AI in Drug Discovery - Please Stop Fishing in the Bathtub!
Published:
The Hype Cycle and the Reality of Virtual Screening
Working on machine learning in drug discovery can be profoundly frustrating. Every week, the purveyors of social media hype herald a new “revolution” in AI for the field. As someone deeply invested in this space, I often follow the trail to these revolutionary papers, only to find researchers repeating the same fundamental mistakes that have plagued the discipline for more than a decade.
Much of the recent hype has centered on virtual screening. Some recent papers have touted approaches that purportedly enable screening of the entire proteome in mere hours. These results appear impressive—until you realize they are validated against datasets that were effectively discredited seven years ago. A primary offender, and one I will focus on here, is the DUD-E dataset. Originally developed to validate docking methods, it has been frequently (and incorrectly) used to validate machine learning models.
What is the DUD-E Dataset?
In the early days of virtual screening (the late 1980s and early 1990s), researchers validated their methods by “seeding” known active compounds among inactive decoy structures. The goal was to determine whether a virtual screening method—typically docking—could successfully separate the two. Although the logic appeared sound, many early test cases were unduly easy because of inherent physical differences between the actives and the decoys.
Consider the first-generation HIV protease inhibitors. These were large molecules; Saquinavir has a molecular weight of 671, and Amprenavir is 506. If these structures are “hidden” among a set of decoys with molecular weights in the 350–450 range, any algorithm—especially docking, which is biased to reward larger molecules with higher scores—can “cheat” by simply picking out the biggest structures.
To address this bias, John Irwin, Brian Shoichet, and their colleagues developed the Directory of Useful Decoys (DUD). They collected active compounds and designed decoy sets whose physical properties matched those of the actives. By aligning these distributions, the authors hoped to eliminate size and property bias from the validation process. In addition to molecular weight, they matched lipophilicity (LogP), charge, and the number of hydrogen-bond donors and acceptors. This collection evolved into DUD-E, an enhanced collection of activities and decoys that incorporated topological similarity and property distributions when constructing validation sets.
For example, consider the AKT1 active and decoy subset of the DUD-E dataset. The figure below shows the distributions of five key physical properties for active and decoy compounds. The sets have nearly identical molecular weight and polar surface area distributions. The differences in the LogP distributions are likely due to my use of a different LogP implementation than the one used to generate the DUD-E set.

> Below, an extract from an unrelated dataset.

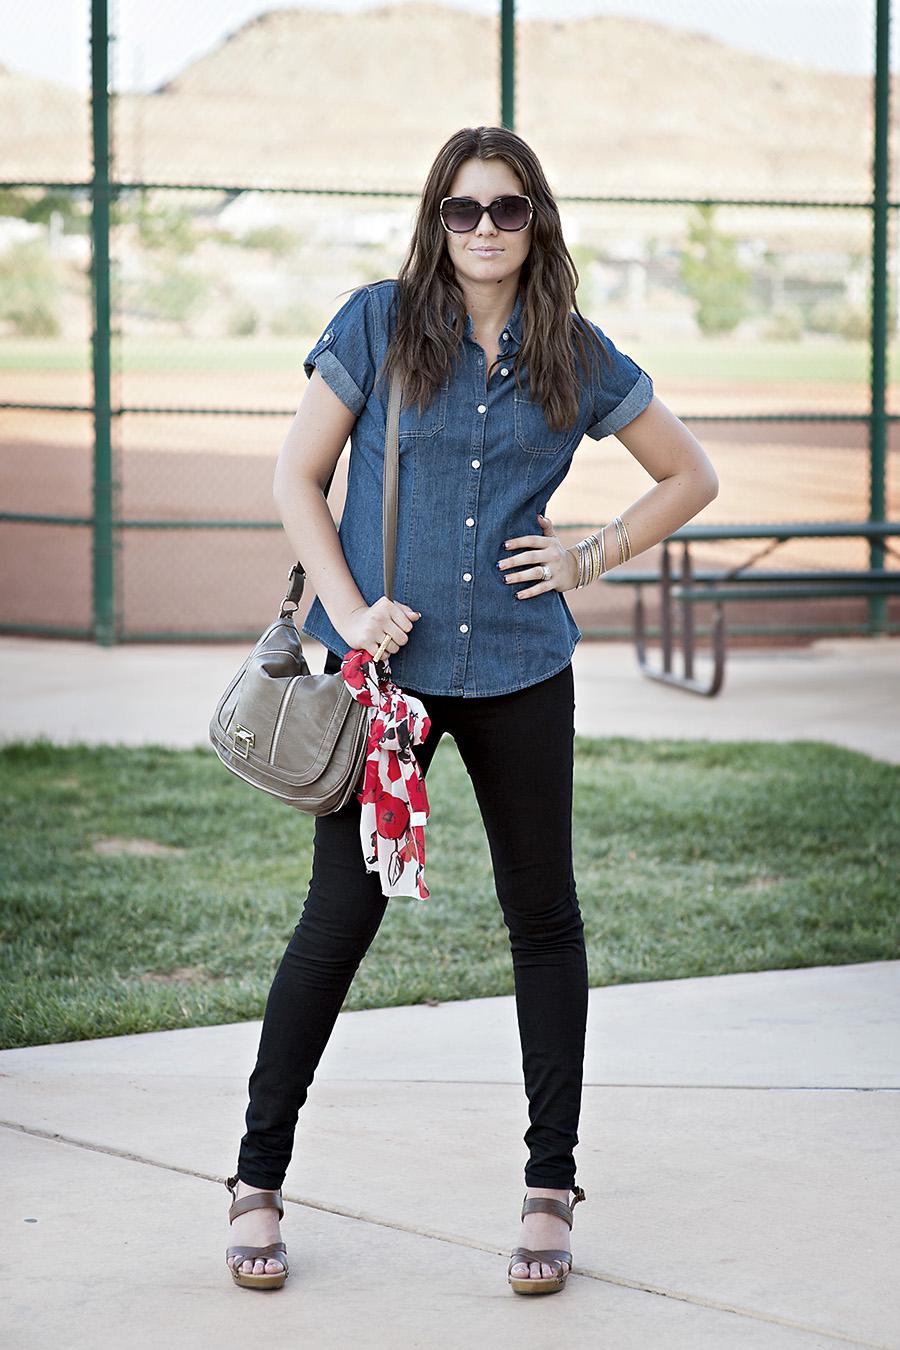 Utah Fashion Blogger, Modest Fashion Blogger, Back Jeans, Sunglasses

The Fatal Flaw: Chemical Dissimilarity
If the physical properties are matched, what’s the problem? While DUD-E balances bulk properties like molecular weight and LogP among the actives and decoys, the decoys were intentionally designed to be structurally distinct from the actives. This was done to ensure that the decoys were truly inactive. While this makes DUD-E an excellent benchmark for docking, it makes it a poor choice for machine learning.
In fact, the DUD-E authors point this out explicitly in their paper: “Fundamentally, DUD and DUD-E are designed to measure value-added screening performance of 3-D methods over simple 1-D molecular properties. Decoys that might bind are removed using 2-D ligand similarity, so DUD-E is inappropriate to test 2-D methods.”
To visualize why the DUD-E set is inappropriate for ML, I used t-SNE (t-distributed Stochastic Neighbor Embedding) with RDKit Morgan Fingerprints to map the chemical diversity across six DUD-E datasets. In this projection, each point represents a molecule; similar structures cluster together, while dissimilar ones are pushed apart.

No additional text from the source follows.